From bffe2c05fbd7d85bf0db34f29aa4ee5c7bb55697 Mon Sep 17 00:00:00 2001
From: =?UTF-8?q?Sol=C3=A8ne=20Tarride?= <starride@teklia.com>
Date: Sat, 23 Sep 2023 09:17:26 +0200
Subject: [PATCH] Fix CTC token probability

---
 dan/ocr/decoder.py | 26 ++++++++++++++++----------
 1 file changed, 16 insertions(+), 10 deletions(-)

diff --git a/dan/ocr/decoder.py b/dan/ocr/decoder.py
index 1b8b89d2..b9b256d1 100644
--- a/dan/ocr/decoder.py
+++ b/dan/ocr/decoder.py
@@ -513,20 +513,23 @@ class CTCLanguageDecoder:
         """
         Add CTC frames between each characters to avoid duplicate removal
         """
-        batch_size, _, n_tokens = batch_features.shape
+        high_prob = batch_features.max()
+        low_prob = batch_features.min()
+        batch_size, n_frames, n_tokens = batch_features.shape
 
-        # Create tensor with high probability CTC token
-        high_prob = 0.99
-        low_prob = 1 - high_prob
+        # Reset probabilities for the CTC token
+        batch_features[:, :, -1] = (
+            torch.ones((batch_size, n_frames), dtype=torch.float32) * low_prob
+        )
+
+        # Create a frame with high probability CTC token
         ctc_probs = (
-            torch.ones((batch_size, 1, n_tokens), dtype=torch.float32)
-            * low_prob
-            / (n_tokens - 1)
+            torch.ones((batch_size, 1, n_tokens), dtype=torch.float32) * low_prob
         )
         ctc_probs[:, :, self.blank_token_id] = high_prob
-        ctc_probs = ctc_probs.log()
+        ctc_probs = ctc_probs
 
-        # Insert CTC tensor between frames
+        # Insert the CTC frame between regular frames
         for fn in range(batch_frames.max() - 1):
             batch_features = torch.cat(
                 [
@@ -579,11 +582,14 @@ class CTCLanguageDecoder:
         # Reshape from (batch_size, n_tokens, n_frames) to (batch_size, n_frames, n_tokens)
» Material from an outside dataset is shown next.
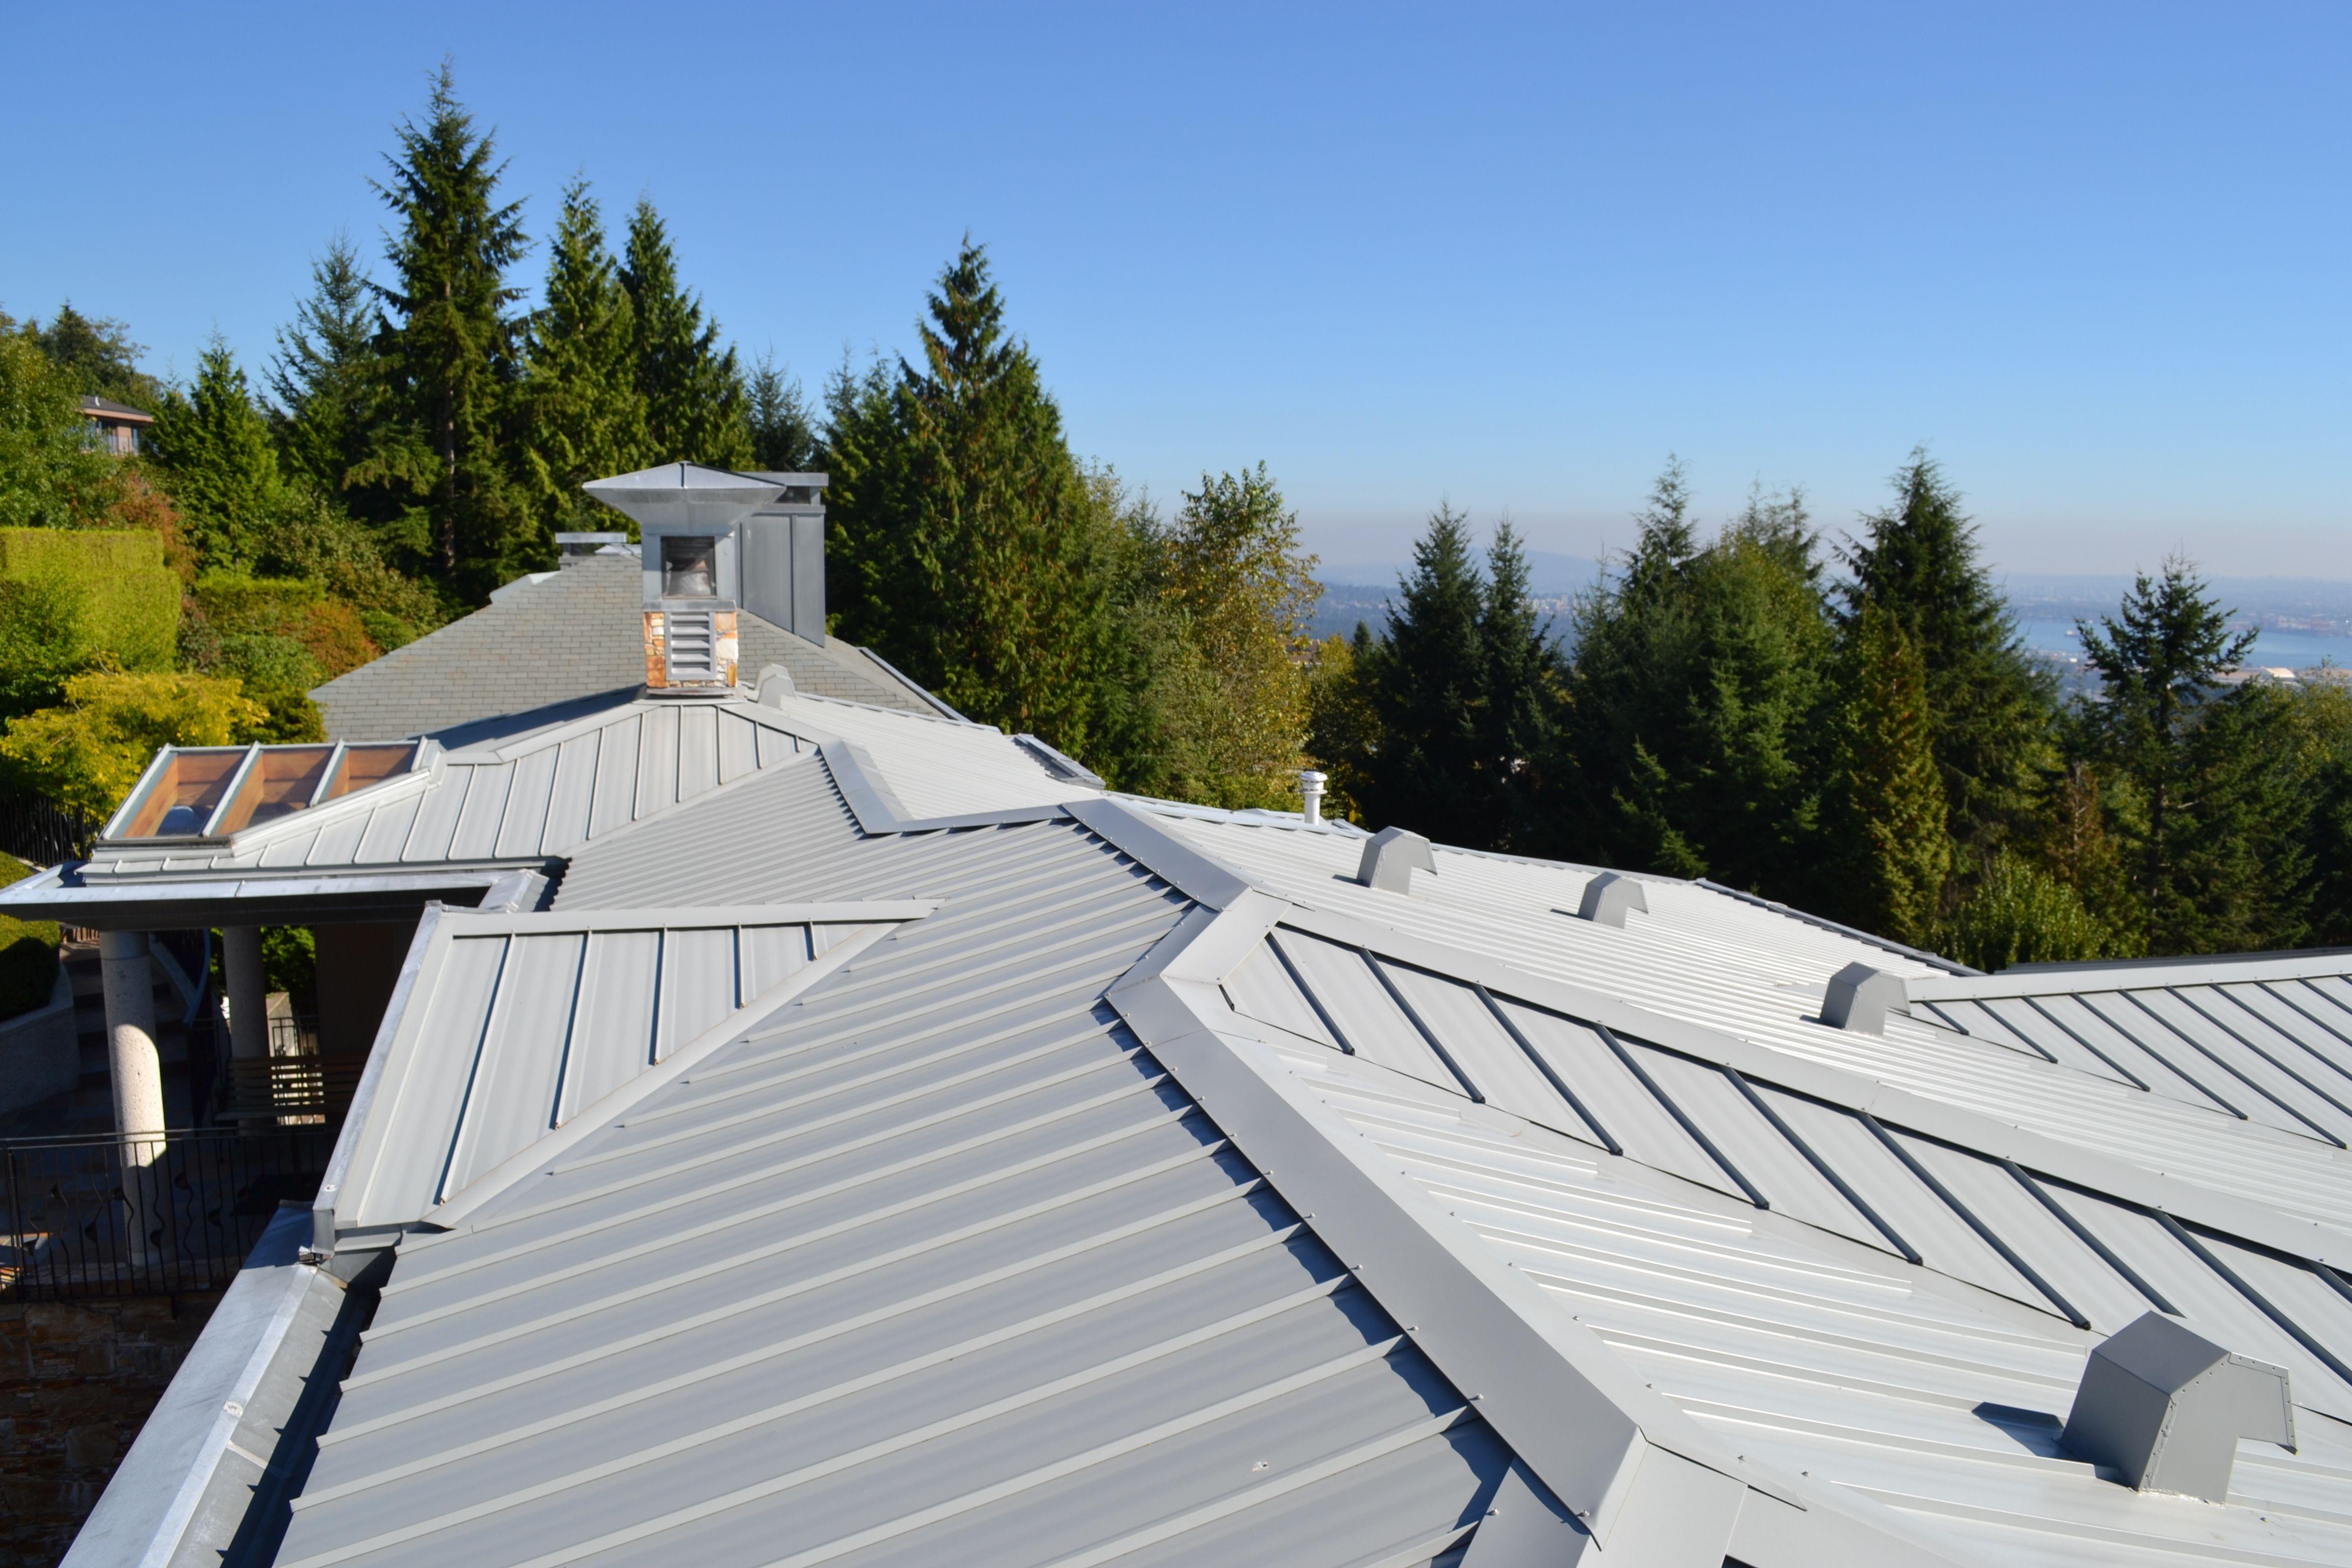 Roof Shingles Roof Shingles Asphalt Roof Asphalt Roof Shingles

         batch_features = batch_features.permute((0, 2, 1))
 
+        # Insert CTC frames to avoid getting rid of duplicates
+        # Make sure that the CTC token has low probs for other frames
+        batch_features, batch_frames = self.add_ctc_frames(batch_features, batch_frames)
+
         # Apply log softmax
         batch_features = torch.nn.functional.log_softmax(
             batch_features / self.temperature, dim=-1
         )
-        batch_features, batch_frames = self.add_ctc_frames(batch_features, batch_frames)
 
         # No GPU support for torchaudio's ctc_decoder
         batch_features = batch_features.to(self.device)
-- 
GitLab